Страница 7 из 29
— Если хочешь, я провожу тебя к преподобному отцу. Его дом — вот этот, где цветы. И донесу багаж.
— Благодарю тебя, нет. — Холод ее голоса мог бы побить всходы на весенних полях. Затем незнакомка усмехнулась — невеселой, почти злой усмешкой. — Вещей у меня — один саквояж. А вон, кажется, идет отец Альберт.
Священник шагал к площади в сопровождении незнакомого Даниэлю человека — наверное, одного из возниц. Поверх коричневой рясы отца Альберта был накинут подбитый беличьим мехом плащ. Плащ был расстегнут, и на груди священника виднелся серебряный медальон с символом Аббатств: крест и меч в круге. На лбу у преподобного отца был нанесен зеленой краской кленовый лист — знак священника-управителя; в течение хлопотного дня краска слегка смазалась, однако лист был вполне различим.

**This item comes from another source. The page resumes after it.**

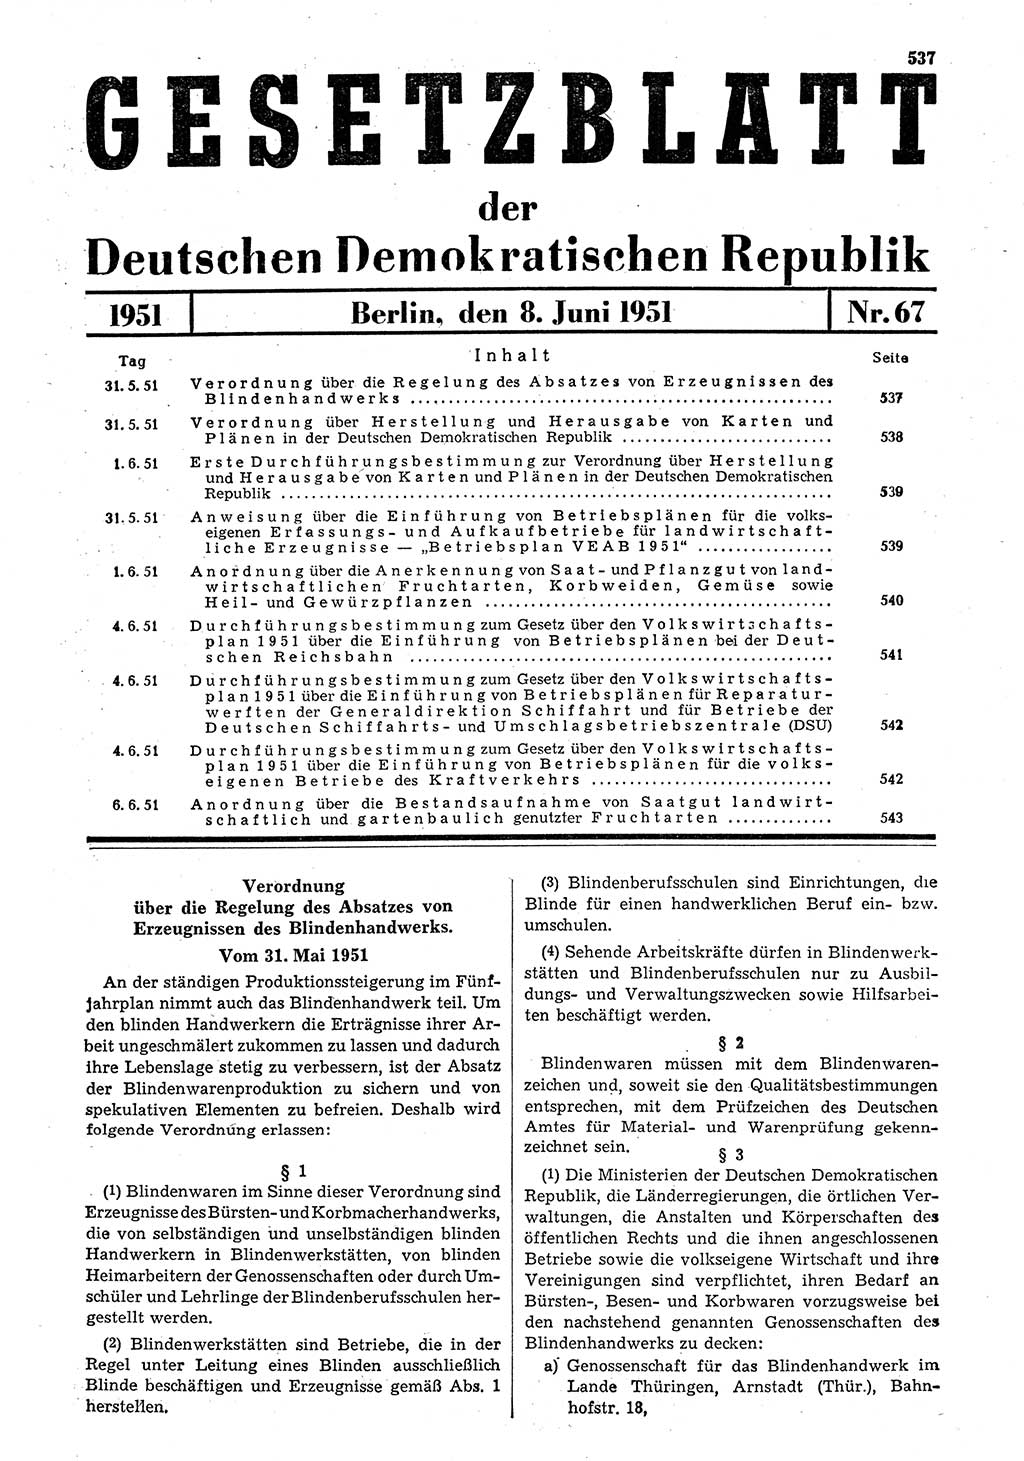 Gesetzblatt (GBl.) der Deutschen Demokratischen Republik (DDR) 1951, Seite 537 (GBl. DDR 1951, S. 537)

Незнакомка сделала пару шагов навстречу священнику.
— Как тебя зовут? — спросил Даниэль ей вслед.
Она оглянулась через плечо, обвела его испытующим взглядом. Затем так же пристально оглядела возвышающегося у пастуха за спиной лорса и медленно, словно в раздумье, ответила:
— Человек во все времена опасался открывать свое имя — вдруг подслушает враг? Для тебя я буду Элисией.
Она стала для Даниэля не просто Элисией — она стала любимой. Единственной на свете, желанной и, увы, недоступной.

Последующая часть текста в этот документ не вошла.